Обычно по воскресеньям, когда греки отдыхали, вместо них работали турки, но потом и они, занятые севом, перестали приходить. Это, как и дождливая погода, ввергает Шлимана в плохое настроение, но оно длится недолго: в раскопе внезапно начинается слой, где находят множество каменных ножей и топоров самой примитивной формы. Но ведь каменный век был задолго до Трои? Почему же тогда предметы, относящиеся к каменному веку, залегают так высоко? Изделия из камня исчезают столь же внезапно, как н появились, — идет слой, в котором много черепков с изображением круглых глаз и полосой между ними. Они напоминают совиные головы. Может быть, это предки священной птицы, принадлежавшей Афине Палладе? Все чаще встречаются странные «волчки» или «вулканы». Может быть, это посвятительные приношения? Но кому и ради чего? А каменные и глиняные фаллы — что означают они? Может быть, в древности существовал народ, поклонявшийся Приапу?
«Я знаю только то, что ничего не знаю». К этому выводу Сократа приходит и Шлиман, столкнувшись с вопросами, на которые он не может ничего ответить ни себе, ни миру. Подобных вещей он так же не ожидал здесь, как статуй или драгоценностей.
«Мои притязания весьма скромны, — заканчивает он в этот дождливый день свой отчет. — Ведь с самого начала единственная цель моих раскопок — найти Трою, о местоположении которой сотни ученых написали сотни трудов, но которую еще никто не пытался обнаружить путем раскопок».
Он останавливается и задумчиво смотрит на равнину, подернутую пеленой дождя. У краешков рта появляется горькая складка, и он добавляет; «Даже если мне и не удастся этого сделать, я все же буду испытывать удовлетворение, что мои труды позволили мне проникнуть в глубочайшую темь доисторической эпохи. Нахождение орудий каменного века поэтому еще больше распалило мое желание достичь того места, на которое вступили первые пришедшие сюда люди, и я хочу достичь его, даже если мне и придется рыть еще на глубину пятидесяти футов».
Деревянный домик, где живет Шлиман с женою, был построен в первые же дни. Единственная мебель— железные кровати и ящик, заменяющий стол, основное питание — консервы. Иногда в постель попадают змеи, а в еду — скорпионы. Когда идет дождь, надо раскрывать над собой зонты. Софья не унывает, а поскольку ее не мучают и приступы лихорадки, от которых, несмотря на огромные дозы хинина, часто страдает Генрих, она чувствует себя здесь даже привольнее, чем среди роскоши Парижа. Она испытывает почти сожаление, когда в конце ноября приходится прекратить работы, ибо окончательно настает сезон дождей.

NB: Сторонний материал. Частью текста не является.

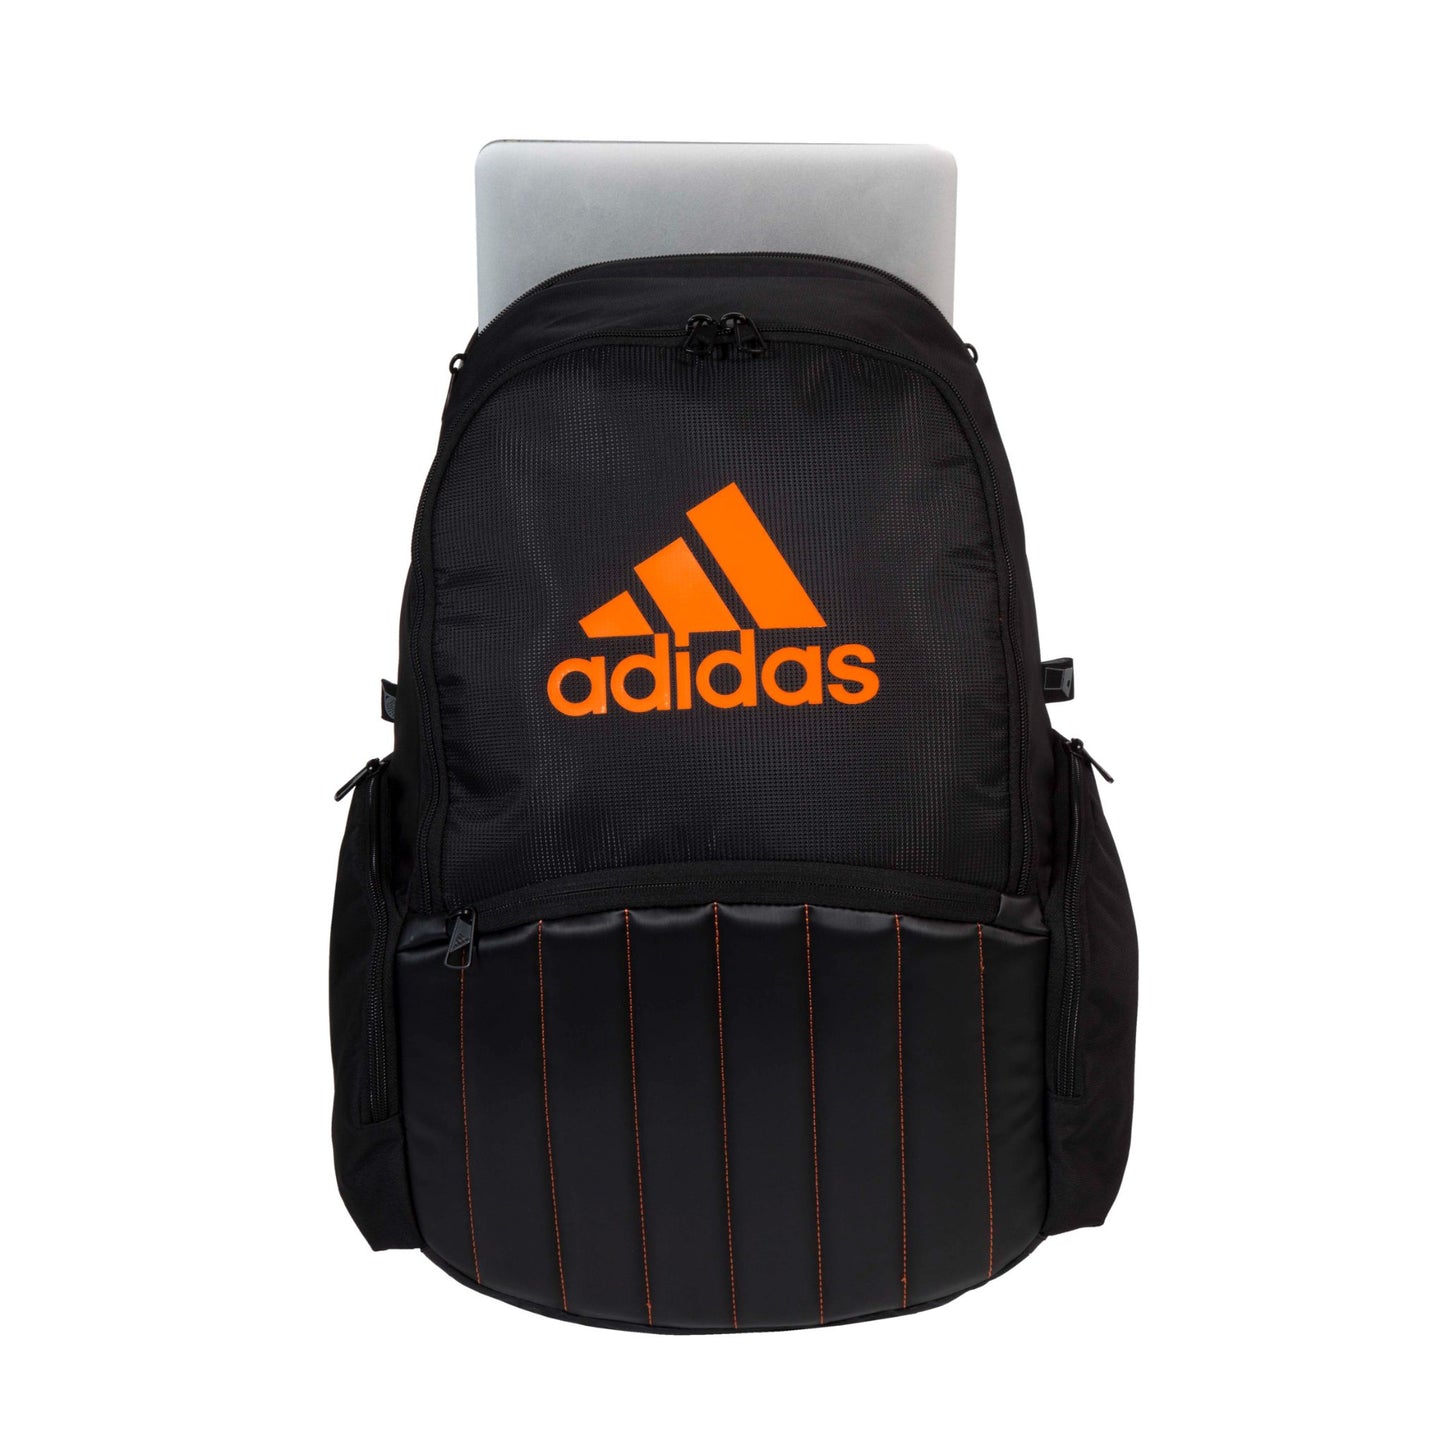 Adidas Protour Backpack - Orange-Front

Раскопки возобновляются 1 апреля 1872 года, в шесть часов утра, силами ста рабочих — греков нз деревень Ренкёй, Калифатли и Енишахир. К счастью, директор Пирейской железной дороги, англичанин, предоставил Шлиману семерых опытных десятников, а строитель Ламийской дороги отдал на месяц в его распоряжение француза инженера. В этот раскопочный сезон цель должна быть достигнута! Поэтому надо прорезать весь холм новым рвом шириной в семьдесят метров. Господин Лоран, инженер, считает, что предстоит вынуть приблизительно восемьдесят тысяч кубометров грунта, если материк находится на глубине четырнадцати метров.
Сверху постоянно катятся камни, осыпаются слишком крутые откосы, обваливаются остатки стен, # вскоре, несмотря на соблюдаемую осторожность, почти у всех ушиблены ноги.
В первые же дни, копая ров, находят невероятное количество зимовавших в земле змей. Это по большей части ядовитые маленькие змейки толщиной с дождевого червя; их называют «антелии», потому что укушенный ими человек в лучшем случае доживет до заката солнца.
В этом году Шрёдеры из Лондона поставили Шлиману лучшие английские кирки и лопаты и вдобавок шестьдесят тачек с железными колесами — они значительно практичнее французских.
Вначале кажется, что раскопки придется прекратить. Греческий календарь насчитывает, помимо воскресений, девяносто семь церковных праздников, которые неукоснительно соблюдаются. «В противном случае, — поясняют рабочие, — святой нас покарает». В другие дни идут дожди, но, как назло, всегда не в праздники. Несмотря на усердие новых десятников, никто особенно не напрягается. Если стены в недрах холма ждали, как уверяет эфенди, три тысячи лет, то они, разумеется, могут еще подождать! Но стоит кому-нибудь чуть опереться на лопату, как Шлиман тут же налетает на него, словно гроза. Переменив профессию, он так и не смог изменить своей натуры. Даже проводя раскопки, он до известной степени остается предпринимателем. Заступничество Софьи не помогает — он все еще не понимает своих рабочих. Но, с другой стороны, рабочие тоже не понимают его, и великая цель, достижению которой они призваны содействовать, остается им совершенно чуждой. Им важна не сама работа, а деньги, которые за нее получают. А раз, полагают они, денег у эфенди куры не клюют, то его надо со спокойной совестью обманывать, где и как только можно. Как же сделать, чтобы отдыхать и одновременно казаться работающим? Совсем просто. Вытаскивают кисет, свертывают цигарку И закуривают.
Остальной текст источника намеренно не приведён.